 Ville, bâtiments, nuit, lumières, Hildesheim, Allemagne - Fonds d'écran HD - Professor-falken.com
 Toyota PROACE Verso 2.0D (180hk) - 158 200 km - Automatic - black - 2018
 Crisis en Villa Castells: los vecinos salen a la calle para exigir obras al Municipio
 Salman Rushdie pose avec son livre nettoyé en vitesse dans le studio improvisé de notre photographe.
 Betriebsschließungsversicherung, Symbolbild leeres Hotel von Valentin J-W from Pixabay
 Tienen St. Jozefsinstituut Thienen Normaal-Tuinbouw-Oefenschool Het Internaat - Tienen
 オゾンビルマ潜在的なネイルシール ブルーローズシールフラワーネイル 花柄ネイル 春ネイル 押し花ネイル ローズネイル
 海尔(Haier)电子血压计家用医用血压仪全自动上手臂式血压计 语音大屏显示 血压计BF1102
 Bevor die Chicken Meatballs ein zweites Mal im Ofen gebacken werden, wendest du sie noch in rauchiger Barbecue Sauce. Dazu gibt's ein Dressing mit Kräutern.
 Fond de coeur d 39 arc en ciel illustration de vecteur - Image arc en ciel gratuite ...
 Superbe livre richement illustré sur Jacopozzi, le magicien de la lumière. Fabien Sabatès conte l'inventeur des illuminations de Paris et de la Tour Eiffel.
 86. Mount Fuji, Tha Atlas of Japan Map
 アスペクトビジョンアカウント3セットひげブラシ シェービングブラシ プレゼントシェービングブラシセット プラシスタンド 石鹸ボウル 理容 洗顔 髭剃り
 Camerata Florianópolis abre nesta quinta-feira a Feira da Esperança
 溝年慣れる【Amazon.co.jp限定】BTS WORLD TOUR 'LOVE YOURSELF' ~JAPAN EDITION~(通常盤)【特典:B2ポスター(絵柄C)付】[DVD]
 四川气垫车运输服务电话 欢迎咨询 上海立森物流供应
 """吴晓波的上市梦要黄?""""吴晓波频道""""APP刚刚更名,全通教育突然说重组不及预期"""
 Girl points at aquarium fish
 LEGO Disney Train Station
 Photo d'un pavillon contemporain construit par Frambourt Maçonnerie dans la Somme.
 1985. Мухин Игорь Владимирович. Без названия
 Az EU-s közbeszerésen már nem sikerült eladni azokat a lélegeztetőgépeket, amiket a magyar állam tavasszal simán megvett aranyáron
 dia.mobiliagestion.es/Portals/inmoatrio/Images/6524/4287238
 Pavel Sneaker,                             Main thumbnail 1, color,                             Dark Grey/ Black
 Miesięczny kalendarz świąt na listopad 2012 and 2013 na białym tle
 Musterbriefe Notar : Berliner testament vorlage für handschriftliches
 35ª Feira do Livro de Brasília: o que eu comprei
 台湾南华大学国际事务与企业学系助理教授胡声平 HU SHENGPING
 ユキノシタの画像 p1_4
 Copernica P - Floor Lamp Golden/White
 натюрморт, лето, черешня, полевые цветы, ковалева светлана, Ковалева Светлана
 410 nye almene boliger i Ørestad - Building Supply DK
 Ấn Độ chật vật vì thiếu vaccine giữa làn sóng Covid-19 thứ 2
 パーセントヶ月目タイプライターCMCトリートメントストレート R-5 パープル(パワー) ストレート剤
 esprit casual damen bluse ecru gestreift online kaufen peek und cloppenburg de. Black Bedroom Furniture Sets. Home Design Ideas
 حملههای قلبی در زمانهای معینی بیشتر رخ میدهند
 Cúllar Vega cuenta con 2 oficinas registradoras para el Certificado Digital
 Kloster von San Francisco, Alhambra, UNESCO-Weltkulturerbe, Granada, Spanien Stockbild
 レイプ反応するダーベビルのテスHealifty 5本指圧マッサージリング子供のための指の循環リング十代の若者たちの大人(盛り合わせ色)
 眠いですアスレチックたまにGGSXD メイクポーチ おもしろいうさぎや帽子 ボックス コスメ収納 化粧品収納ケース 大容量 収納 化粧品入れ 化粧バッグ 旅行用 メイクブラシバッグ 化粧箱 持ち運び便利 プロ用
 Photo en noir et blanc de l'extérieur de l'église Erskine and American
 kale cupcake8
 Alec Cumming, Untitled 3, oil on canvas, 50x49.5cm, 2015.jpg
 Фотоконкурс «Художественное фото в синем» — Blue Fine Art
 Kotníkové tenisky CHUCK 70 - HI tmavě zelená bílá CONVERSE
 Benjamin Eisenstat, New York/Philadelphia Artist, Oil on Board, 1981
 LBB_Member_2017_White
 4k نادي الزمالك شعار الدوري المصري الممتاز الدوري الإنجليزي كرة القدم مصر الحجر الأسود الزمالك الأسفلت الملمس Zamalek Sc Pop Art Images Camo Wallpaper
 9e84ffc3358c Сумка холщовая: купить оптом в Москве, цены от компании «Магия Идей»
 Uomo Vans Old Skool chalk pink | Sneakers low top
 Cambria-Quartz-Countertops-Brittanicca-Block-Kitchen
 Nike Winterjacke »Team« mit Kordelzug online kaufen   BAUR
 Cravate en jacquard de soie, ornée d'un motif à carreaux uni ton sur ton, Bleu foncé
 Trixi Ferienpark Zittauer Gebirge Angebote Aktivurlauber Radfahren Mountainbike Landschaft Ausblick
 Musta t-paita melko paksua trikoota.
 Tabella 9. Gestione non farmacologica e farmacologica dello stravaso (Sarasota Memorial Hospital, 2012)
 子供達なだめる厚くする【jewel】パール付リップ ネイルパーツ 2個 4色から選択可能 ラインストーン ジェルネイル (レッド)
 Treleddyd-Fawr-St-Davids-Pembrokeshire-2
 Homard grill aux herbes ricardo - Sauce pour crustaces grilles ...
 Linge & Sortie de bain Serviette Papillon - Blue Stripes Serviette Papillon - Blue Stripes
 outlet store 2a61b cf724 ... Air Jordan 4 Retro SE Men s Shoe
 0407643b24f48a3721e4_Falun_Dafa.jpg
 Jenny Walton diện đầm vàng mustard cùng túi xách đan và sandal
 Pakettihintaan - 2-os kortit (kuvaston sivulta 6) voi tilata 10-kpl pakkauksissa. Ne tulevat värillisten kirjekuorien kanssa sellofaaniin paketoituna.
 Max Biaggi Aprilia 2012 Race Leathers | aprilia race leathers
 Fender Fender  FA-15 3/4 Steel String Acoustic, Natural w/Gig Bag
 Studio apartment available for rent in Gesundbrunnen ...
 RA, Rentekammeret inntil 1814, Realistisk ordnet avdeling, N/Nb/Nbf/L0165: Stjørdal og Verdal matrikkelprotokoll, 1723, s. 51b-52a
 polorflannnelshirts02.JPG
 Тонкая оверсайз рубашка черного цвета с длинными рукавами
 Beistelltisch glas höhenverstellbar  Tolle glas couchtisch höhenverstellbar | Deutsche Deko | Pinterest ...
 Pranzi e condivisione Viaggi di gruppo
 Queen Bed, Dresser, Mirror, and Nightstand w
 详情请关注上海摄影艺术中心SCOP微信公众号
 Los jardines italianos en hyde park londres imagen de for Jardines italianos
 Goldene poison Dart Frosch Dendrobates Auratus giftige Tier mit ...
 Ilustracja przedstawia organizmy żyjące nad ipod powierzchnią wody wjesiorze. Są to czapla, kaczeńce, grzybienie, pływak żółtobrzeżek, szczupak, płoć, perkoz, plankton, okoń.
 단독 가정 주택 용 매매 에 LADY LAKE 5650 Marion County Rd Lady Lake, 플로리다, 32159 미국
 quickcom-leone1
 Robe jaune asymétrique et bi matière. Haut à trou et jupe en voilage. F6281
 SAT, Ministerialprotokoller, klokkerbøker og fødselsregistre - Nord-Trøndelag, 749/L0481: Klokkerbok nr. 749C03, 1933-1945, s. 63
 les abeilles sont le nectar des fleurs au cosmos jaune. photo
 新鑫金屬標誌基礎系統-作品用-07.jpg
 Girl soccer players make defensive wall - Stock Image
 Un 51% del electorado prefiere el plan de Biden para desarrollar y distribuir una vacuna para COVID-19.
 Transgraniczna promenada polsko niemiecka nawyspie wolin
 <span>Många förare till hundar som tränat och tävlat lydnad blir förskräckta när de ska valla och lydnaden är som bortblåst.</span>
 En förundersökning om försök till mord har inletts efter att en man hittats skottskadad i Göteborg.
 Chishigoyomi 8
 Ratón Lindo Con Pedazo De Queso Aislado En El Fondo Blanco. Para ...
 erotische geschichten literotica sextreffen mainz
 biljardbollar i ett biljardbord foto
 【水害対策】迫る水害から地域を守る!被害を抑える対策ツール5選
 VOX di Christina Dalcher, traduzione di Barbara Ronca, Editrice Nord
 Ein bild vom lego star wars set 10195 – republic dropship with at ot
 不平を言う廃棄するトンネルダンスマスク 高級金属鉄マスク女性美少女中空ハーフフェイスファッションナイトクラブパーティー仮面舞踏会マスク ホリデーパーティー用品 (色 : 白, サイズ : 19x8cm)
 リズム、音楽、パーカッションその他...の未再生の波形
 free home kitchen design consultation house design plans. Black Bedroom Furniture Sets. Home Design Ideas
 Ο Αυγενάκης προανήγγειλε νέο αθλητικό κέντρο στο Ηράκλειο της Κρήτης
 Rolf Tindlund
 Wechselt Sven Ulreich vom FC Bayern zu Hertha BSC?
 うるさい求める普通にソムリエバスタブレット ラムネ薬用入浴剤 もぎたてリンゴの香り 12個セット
= = = = =
● **WORK INSTRUCTIONS**
Write out exactly the lines above from the line with "натюрморт, лето, черешня, полевые" through the line with "レイプ反応するダーベビルのテ", both of them included, and leave out all other lines.

● **WRITTEN ANSWER**
 натюрморт, лето, черешня, полевые цветы, ковалева светлана, Ковалева Светлана
 410 nye almene boliger i Ørestad - Building Supply DK
 Ấn Độ chật vật vì thiếu vaccine giữa làn sóng Covid-19 thứ 2
 パーセントヶ月目タイプライターCMCトリートメントストレート R-5 パープル(パワー) ストレート剤
 esprit casual damen bluse ecru gestreift online kaufen peek und cloppenburg de. Black Bedroom Furniture Sets. Home Design Ideas
 حملههای قلبی در زمانهای معینی بیشتر رخ میدهند
 Cúllar Vega cuenta con 2 oficinas registradoras para el Certificado Digital
 Kloster von San Francisco, Alhambra, UNESCO-Weltkulturerbe, Granada, Spanien Stockbild
 レイプ反応するダーベビルのテスHealifty 5本指圧マッサージリング子供のための指の循環リング十代の若者たちの大人(盛り合わせ色)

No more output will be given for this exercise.